_RECORDS FOR THE TASK_.

####################

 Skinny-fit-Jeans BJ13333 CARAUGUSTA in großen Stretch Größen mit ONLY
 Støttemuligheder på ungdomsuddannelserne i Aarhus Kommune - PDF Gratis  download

####################

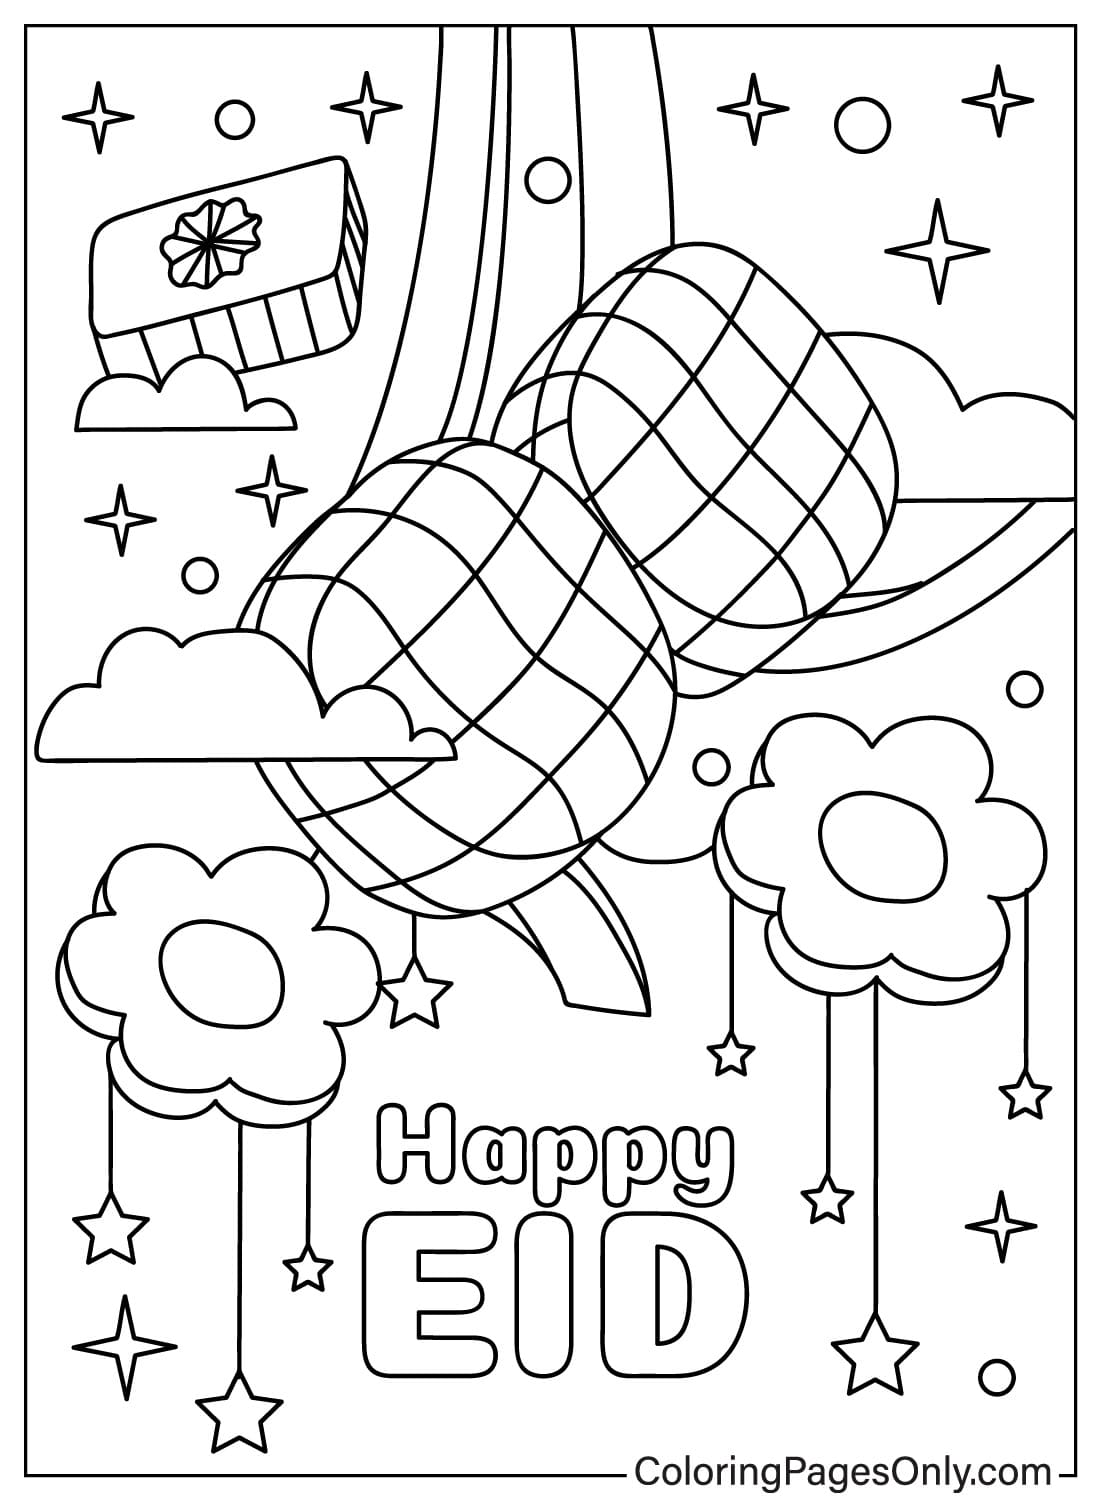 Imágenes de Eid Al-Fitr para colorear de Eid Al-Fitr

####################

_WHAT IS NEEDED_. Within the listing above, give again exactly every line from the line with "Skinny-fit-Jeans BJ13333 CARAUGUSTA" through the line with "Støttemuligheder på ungdomsuddannelserne", both included, and no other line.

_YOUR RESPONSE_.
 Skinny-fit-Jeans BJ13333 CARAUGUSTA in großen Stretch Größen mit ONLY
 Støttemuligheder på ungdomsuddannelserne i Aarhus Kommune - PDF Gratis  download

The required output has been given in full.